(Dataset extract Opens)

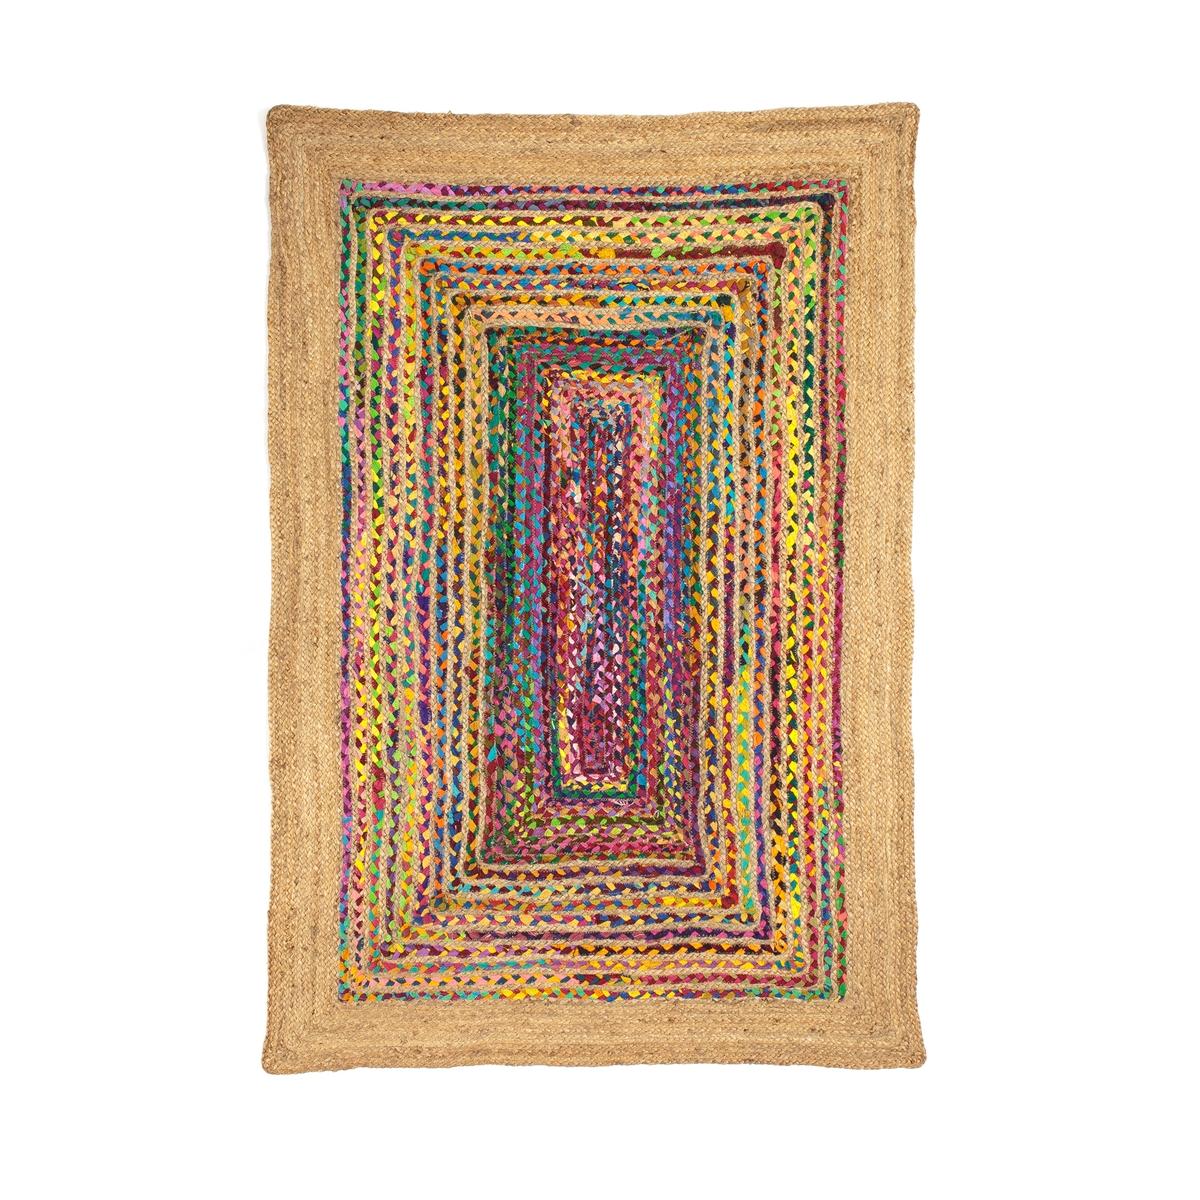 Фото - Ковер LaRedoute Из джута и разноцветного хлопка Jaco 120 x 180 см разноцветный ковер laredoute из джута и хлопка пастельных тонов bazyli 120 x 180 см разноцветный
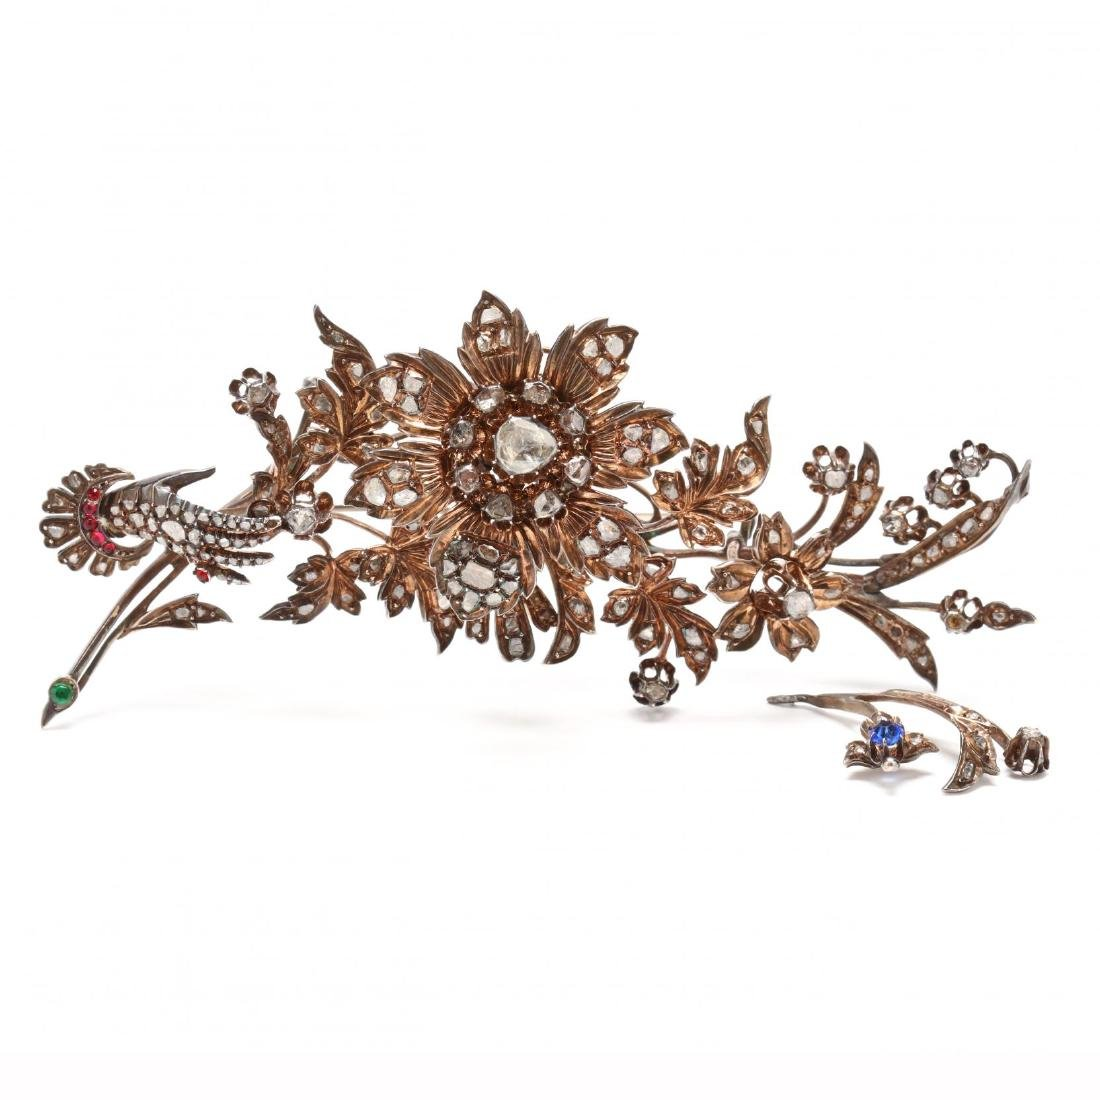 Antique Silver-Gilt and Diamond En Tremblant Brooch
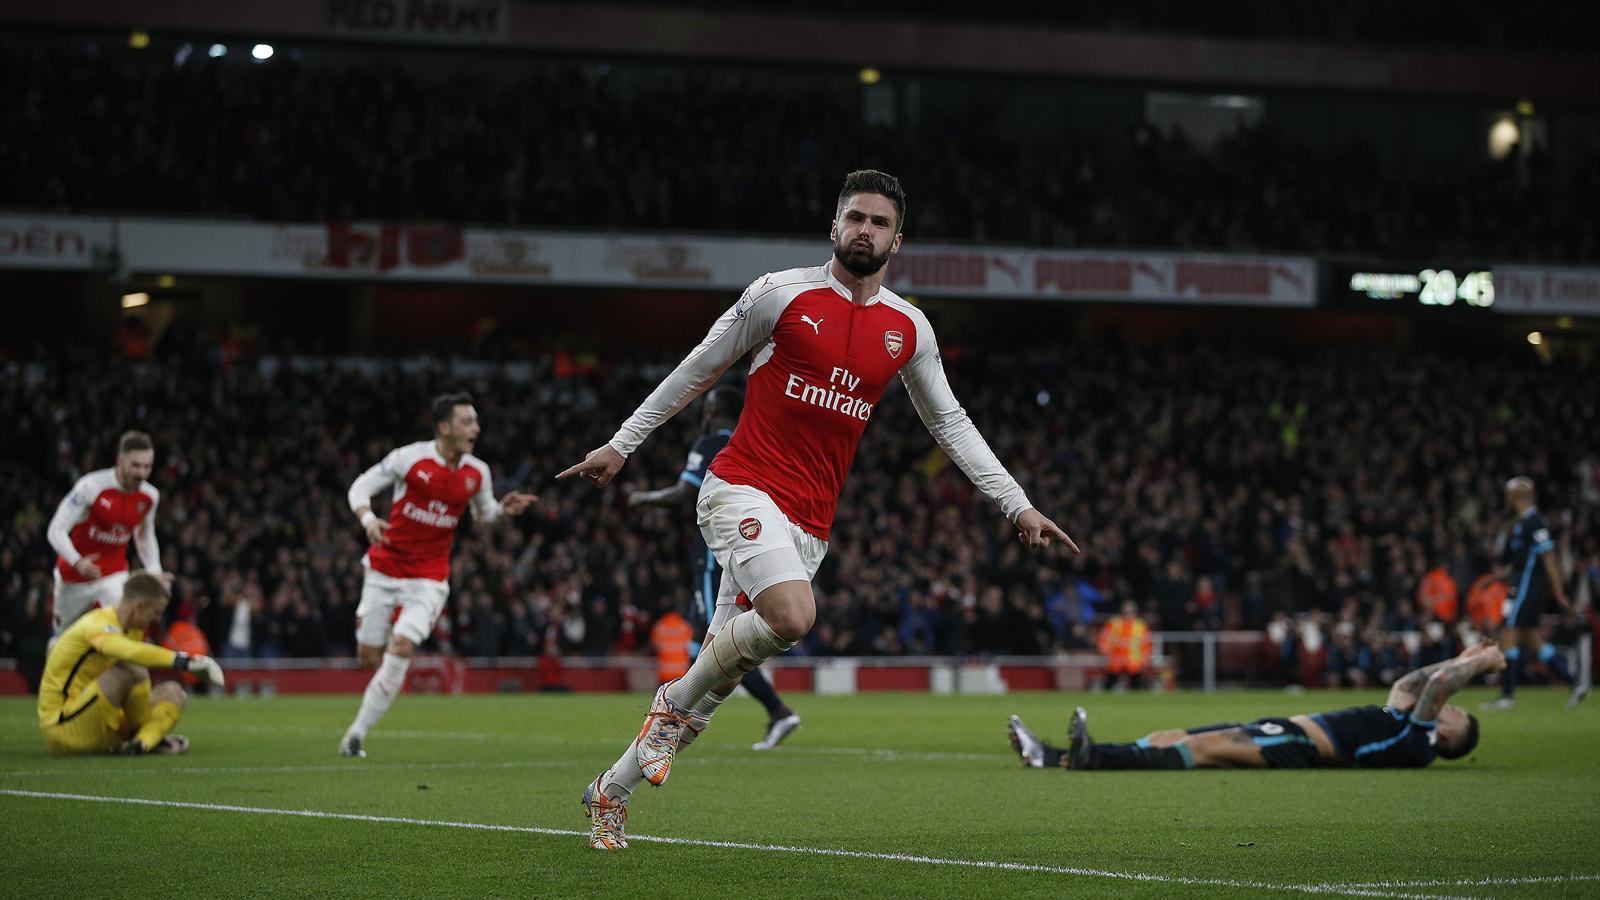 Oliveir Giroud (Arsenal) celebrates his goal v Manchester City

(Dataset extract Closes)

- _Your assignment_
The lines from the one containing "Antique Silver-Gilt and" through the final line of the data are to be repeated exactly, with both ends included and all pictures left out.

- _Answer for this exercise_
 Antique Silver-Gilt and Diamond En Tremblant Brooch
 Oliveir Giroud (Arsenal) celebrates his goal v Manchester City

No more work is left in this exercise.